Athens, Greece, September 25, 2018 — Asylum seekers living at Moria, the reception and identification centre for new arrivals to Lesbos, are contemplating suicide in alarming numbers. So says the International Rescue Committee in “Unprotected, Unsupported, Uncertain: Recommendations to improve the mental health of asylum seekers on Lesbos,” a briefing released today which outlines steps that need to be taken, urgently, to address the escalating mental health needs of those who reside at Moria.
The majority of those being hosted at Moria are refugees from Syria,Iraq and Afghanistan. They are fleeing conflict. Already deeply traumatized by what they have experienced in their homes and along the treacherous journey to Europe, conditions at Moria only exacerbate that trauma.

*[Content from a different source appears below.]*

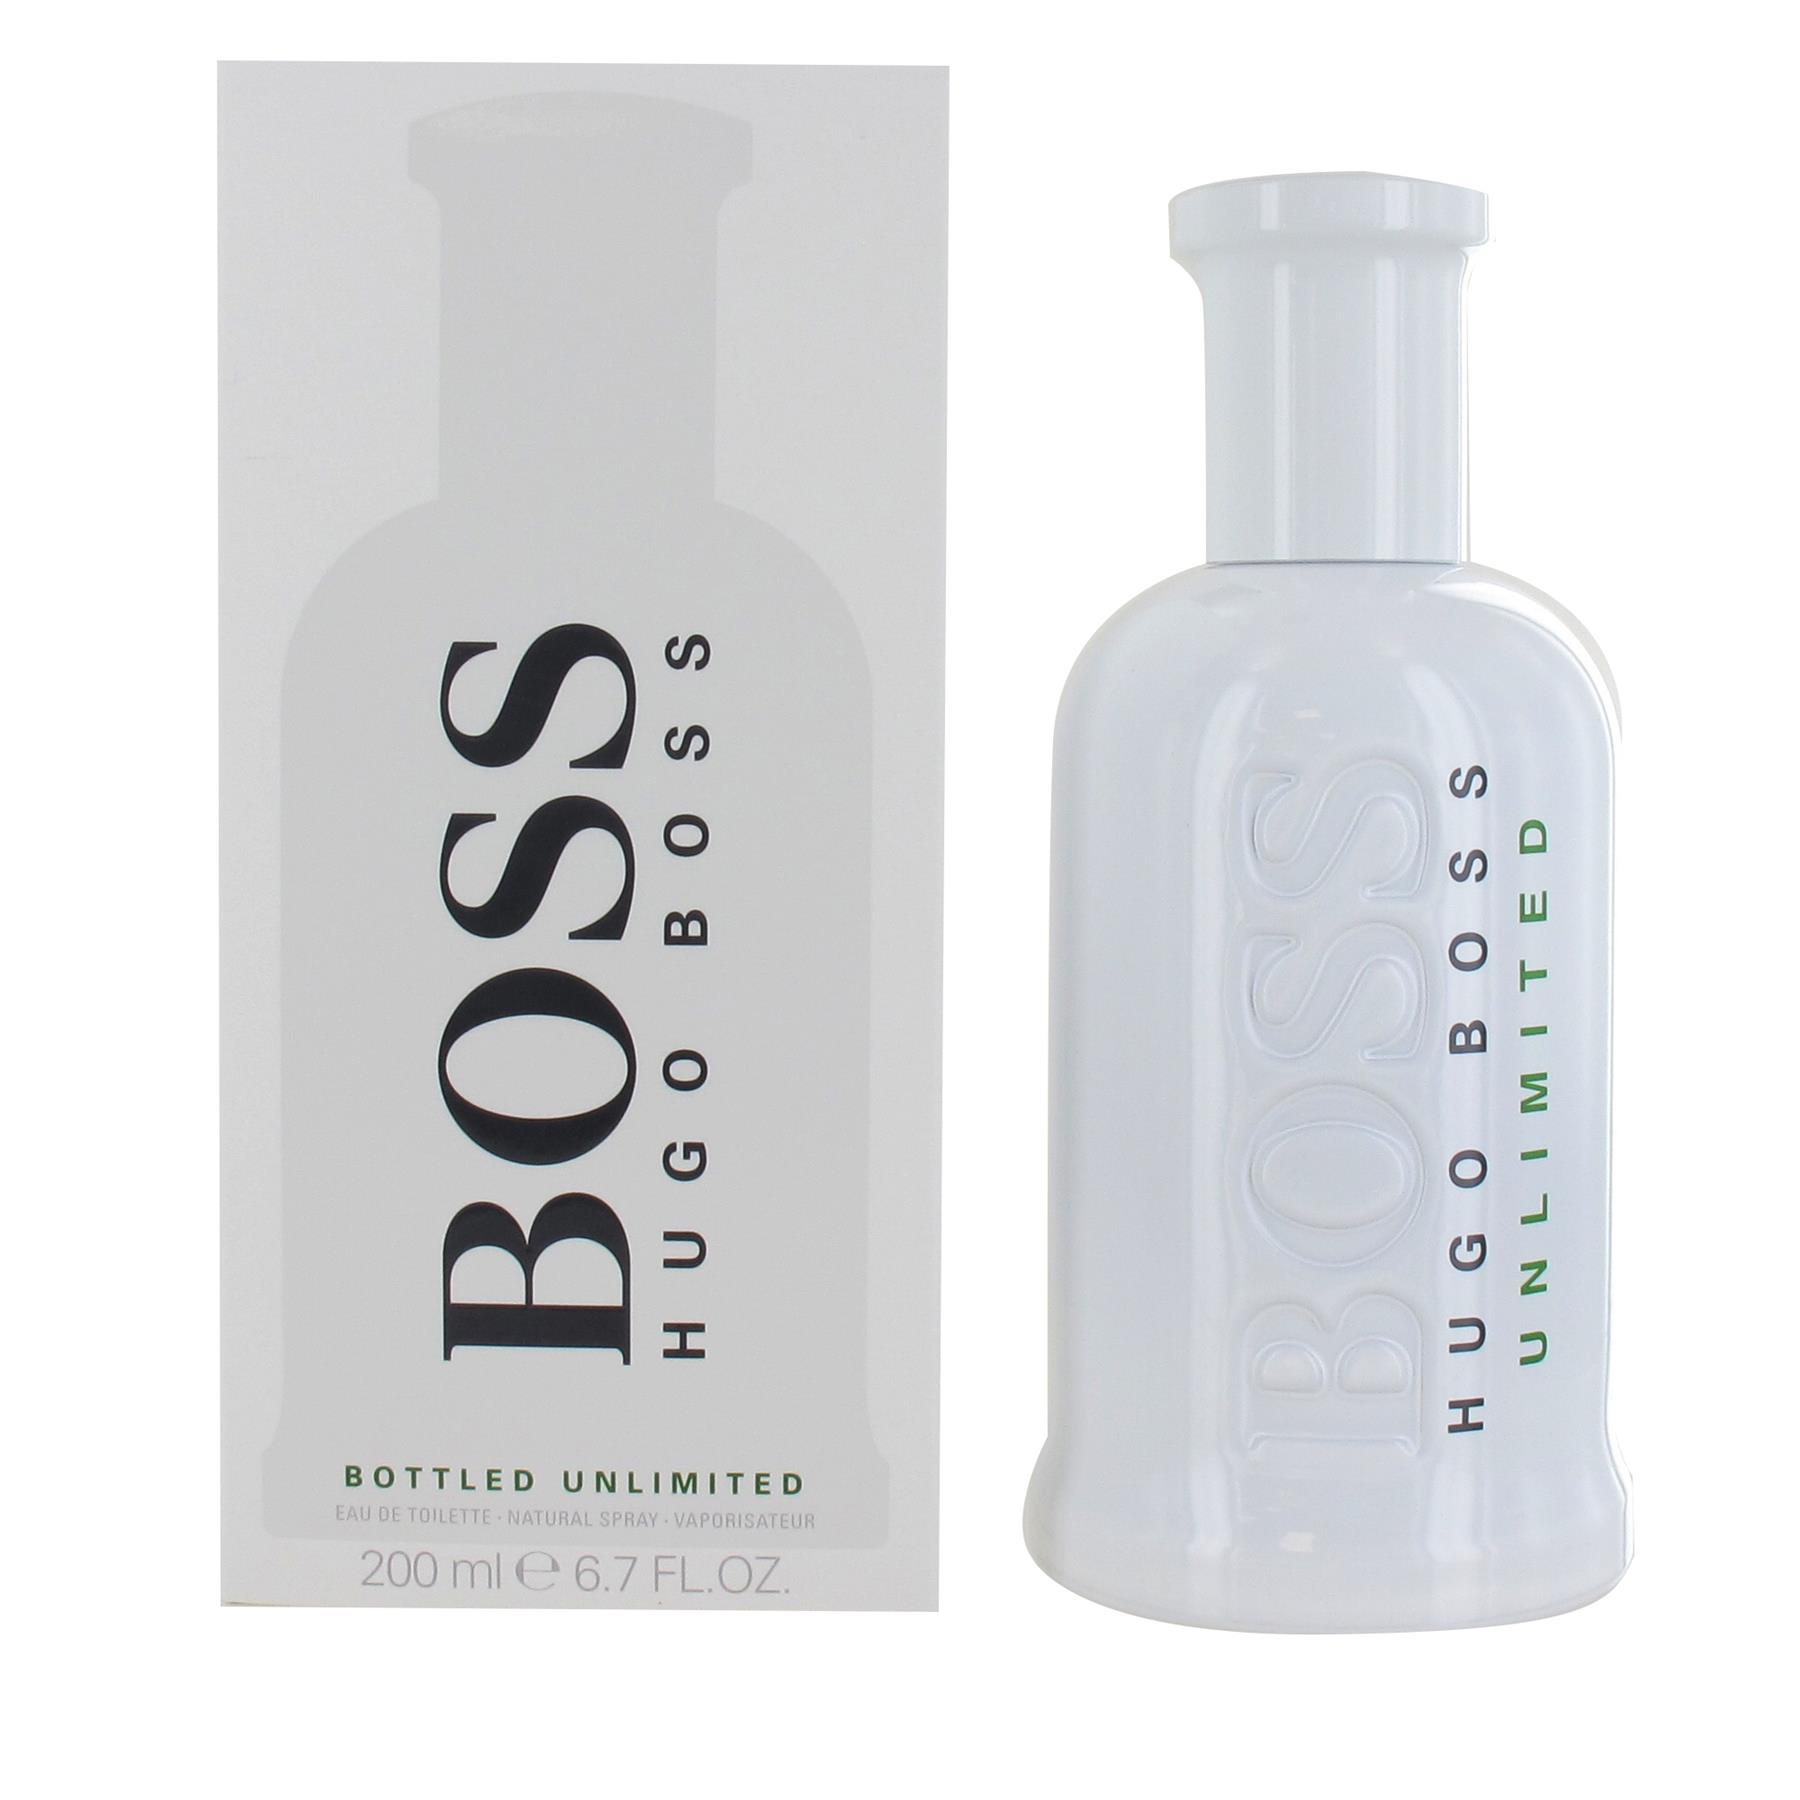 Hugo Boss Boss Bottled Unlimited Eau de Toilette 200ml Spray for Him from Perfume Plus Direct

Moria is dangerously overcrowded. It has the capacity for 3,100 people, and yet currently hosts over 8,500. Asylum seekers are expected to live in conditions which do not meet humanitarian standards. Approximately eighty-four people share one shower. Approximately seventy-two people share one toilet. The sewage system is so overwhelmed that raw sewage has been known to reach the mattresses where children sleep, and flows untreated into open drains and sewers. Fights are a daily occurrence. Riots, which force refugees to flee the site, happen far too often. Women are particularly vulnerable and do not feel safe.
And that is only part of it.
From health care to legal aid, every service provider at Moria is overwhelmed and does not have adequate staffing to support the needs of those who reside there. Asylum seekers must wait months, if not over a year, to have their asylum claims heard. Information is erratic at best. Staff have walked off the job more than once, such is their objection to working conditions.
Mental health support at Moria is limited. There are only 5 psychologists operating inside Moria and they find it difficult to work in these conditions. Limited to one container, private counselling sessions are next to impossible. Staffing does not come close to meeting the need.
The IRC, which has been responding on the island of Lesbos since July 2015, opened a mental health centre for residents of Moria in March of this year. Almost thirty percent of our clients have attempted suicide either before or since arriving on Lesbos. Sixty percent of our clients have considered suicide. Our work is impeded by the fact that our clients must return to Moria once they have attended our centre.
Moria is “moral torture,” one client told us. “It is a humanitarian catastrophe.” An Iraqi father who resides at Moria attempted suicide the day before we met him. Although he is traveling with four children he told us: “I forgot about my children in this moment.” A Syrian mother who had escaped Ghouta with her young family told us that she desperately would like to see a psychologist. “I saw a lot of people die in front of my eyes. I was so afraid for my daughters,” she says. Her youngest daughter was injured in a chemical attack on Ghouta, Syria. The family spent five months apart as they waited for her to recover, physically. The psychological impact of what she has been through is unknown.
Much more has to be done, immediately, to ensure that both conditions at Moria are improved dramatically, and that these men, women, children have the mental health support that they so desperately need.
The IRC’s briefing outlines practical recommendations for the Greek government, EU leaders and both public and private donors to urgently improve mental health support for asylum seekers.
The International Rescue Committee’s Greece country director, Jana Frey says:
“While we welcome the Greek government’s efforts this weekend to start to decongest Moria, this effort must be sustained. We need a long-term strategy that ensures we never again see conditions like this at Moria. They cannot be similar to the attempts we have seen to-date, which have been spasmodic at best.”
The International Rescue Committee’s lead psychologist on Lesbos, Kiki Michailidou says:
“That sixty percent of our clients have considered suicide is a somber reflection of the mental health needs at Moria. IRC psychologists are merely chipping away at an iceberg. Too many have lost loved ones because of conflict. Children have witnessed things children should never see. They need to be assured of proper care when they arrive to Europe, and that includes psychological support something which is, right now, seriously lacking at Moria, and is putting people’s lives at increased risk.”
The International Rescue Committee’s head of advocacy in Brussels, Imogen Sudbery says:
“As EU leaders consider so-called “control centres” across Europe, conditions on the Greek islands must give them pause. The focus right now must be on ways to ensure greater, more effective responsibility sharing across the EU for those who continue to arrive, not just to Greece but to Spain and Italy as well. Other member states must urgently step up and agree to support these countries. It is short-sighted, ineffective, and counterproductive to believe that these countries can carry all of the responsibility on their own.
“Conditions on the islands must also put into question the proposed disembarkation platforms in North Africa. If Europe struggles to enforce humanitarian standards in migration centers on its own shores, what hope do they realistically have of getting it right overseas?”